Radio Craft of  December 1935 also lists F8DR. The editor, Robert Base, does not specify where he's listening from more specifically than Baltimore, MD but places F8DR in Paris Dial 96, at 4:03 PM. [SOURCE]  But it's in a 1939 issue of the Radio Amateur Call Book " F8DR  — Societe  d’Entreprises  Electro-Techniques,  53  rue du  General-Foy,  Paris  8e.  With that address I found an earlier listing in 1938. [SOURCE]  Oddly rue du  General-Foy only numbers up to 50 today, it ends in a T intersection at Rue de Monceau. 

This of course now matches the address on the schematic.  But the name Societe  d’Entreprises  Electro-Techniques appears once more. This time with the more accurate address 35, Rue du General Foy, Paris. (below)  It was in Mining Magazine of Salsibury House London. [SOURCE] It's a "Trade Paragraph " on page 369;  "Societe d’Entreprises Electro-Techniques, of 35, Rue du General Foy, Paris, issue a booklet printed in French and English describing their apparatus for electrical prospecting."
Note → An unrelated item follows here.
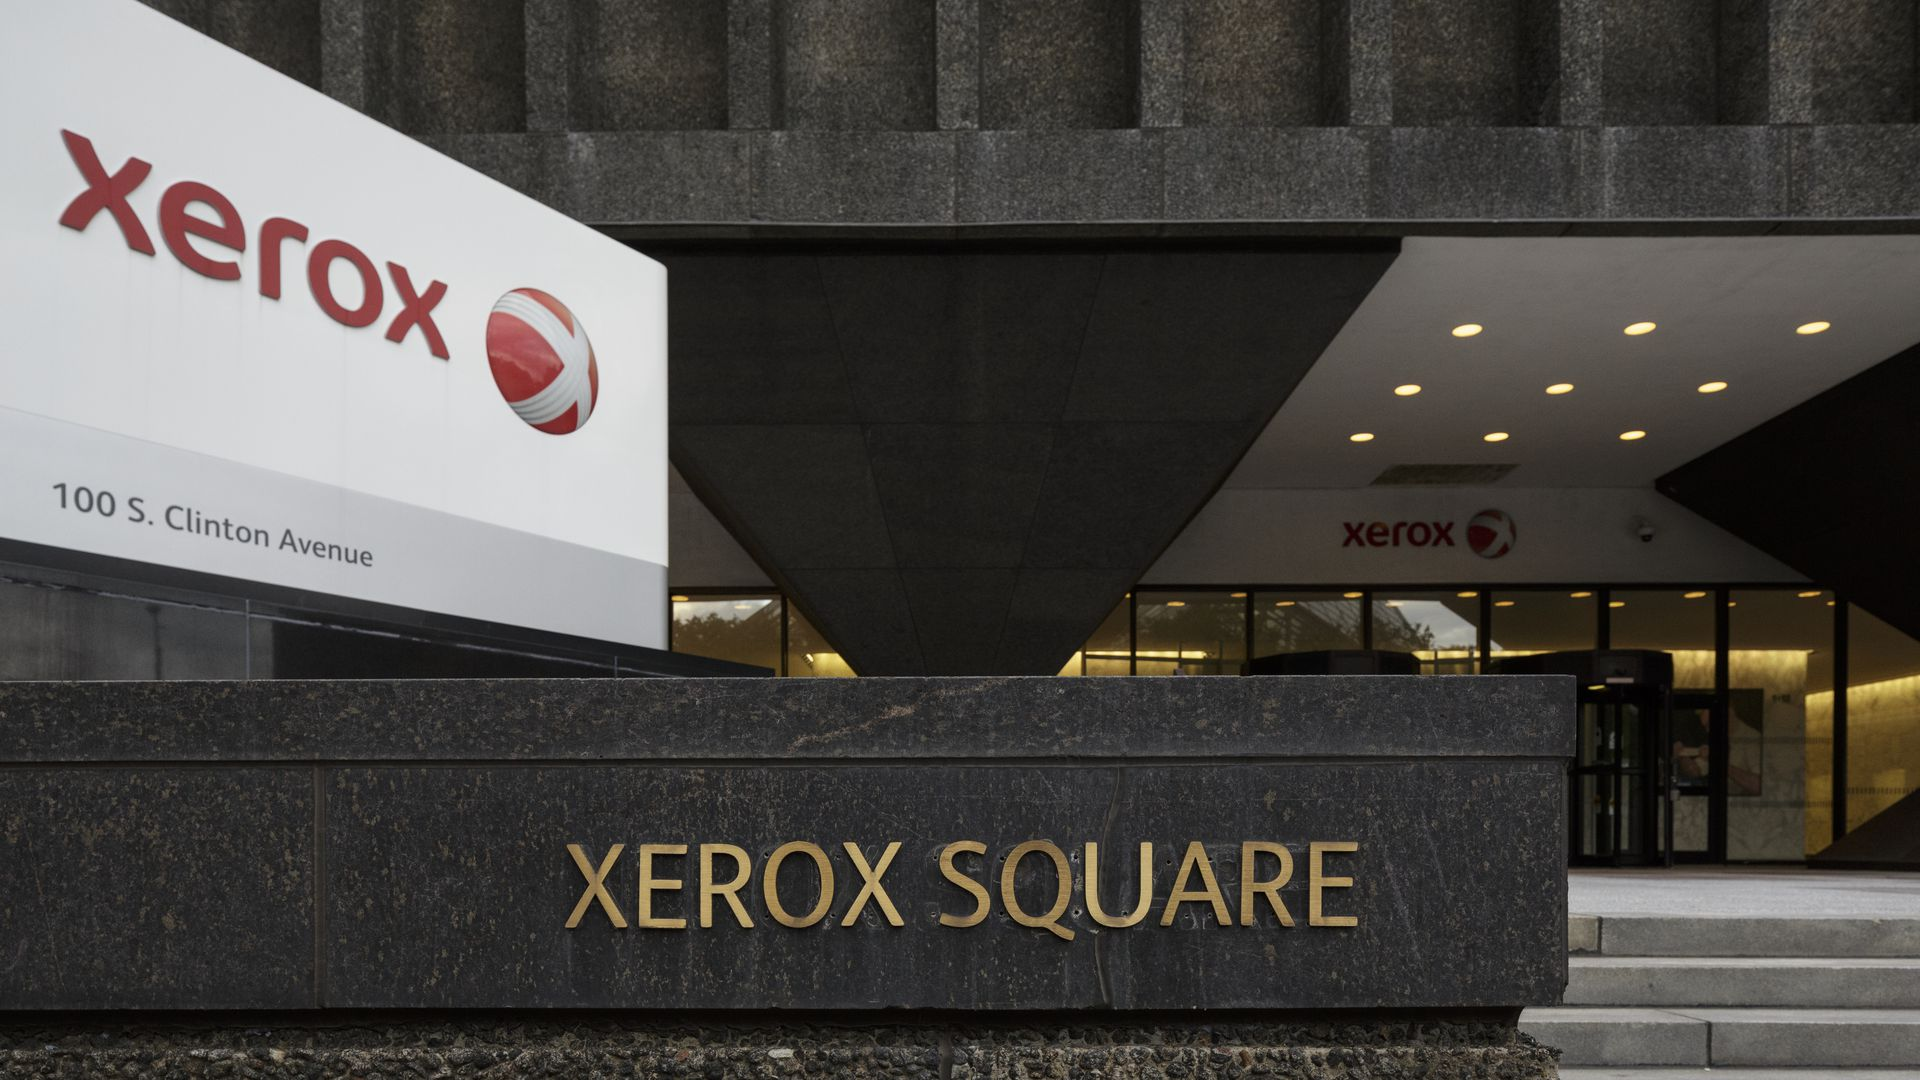 Xerox building

Eventually I found a 1948 IRE directory which at last listed a name.  "DE BOZAS, GUY D. (A’46), Manager. Ste. Nouvelle D’Entreprises Electro-Techniques, 35 Rue du General Foy a Paris. Mail: 41

Boulevard Lannes, Paris (16e), France"  the company name is slightly different, but Guy De Bozas is probably our man. [LINK] The oldest directory he appears in is the 1928, still with Electro-Techniques .  He's also in the 1937 directory with a slightly different surname DE BOZAS, GUY DU BOURG (A'19), De Lasko d'Entreprises, Electro-Techniques, Paris, France. For mail: 35 Rue du General Foy, Paris,France. It's certainly him. A genealogy website lists him as born June 30th, 1895. He died august 4th 1985 at Neuilly-sur-Seine. I suspect that's him because the IRE admission date of 1919 is more plausible if he were 24 years old at the time. In the 1963 IRE directory he is still listed but without the company name. 


But the best listing for Guy De Bozas is from 1926 in the Catalog general Librairie Francaise. It lists him as "ingenieur. - etude provisoire sur le fluide d'un medium a effets physiques. Etampes, impr, Terrier, 1921 in-8 20p."  that translates to "engineer. - provisional study on the fluid of a medium with physical effects." In searching for him purely as an engineer I eventually found a patent no. 1656262 "Wireless apparatus for determining angles or direction." That led to an article in La Science et la vie from 1929 about his patent. It had been incorporated in flight navigation via radio beacon. [SOURCE] The last time I can find him published is in L'Onde électrique in 1972. Here he is also listed as the President and Director general of IEG. He would have been 77 years old at the time.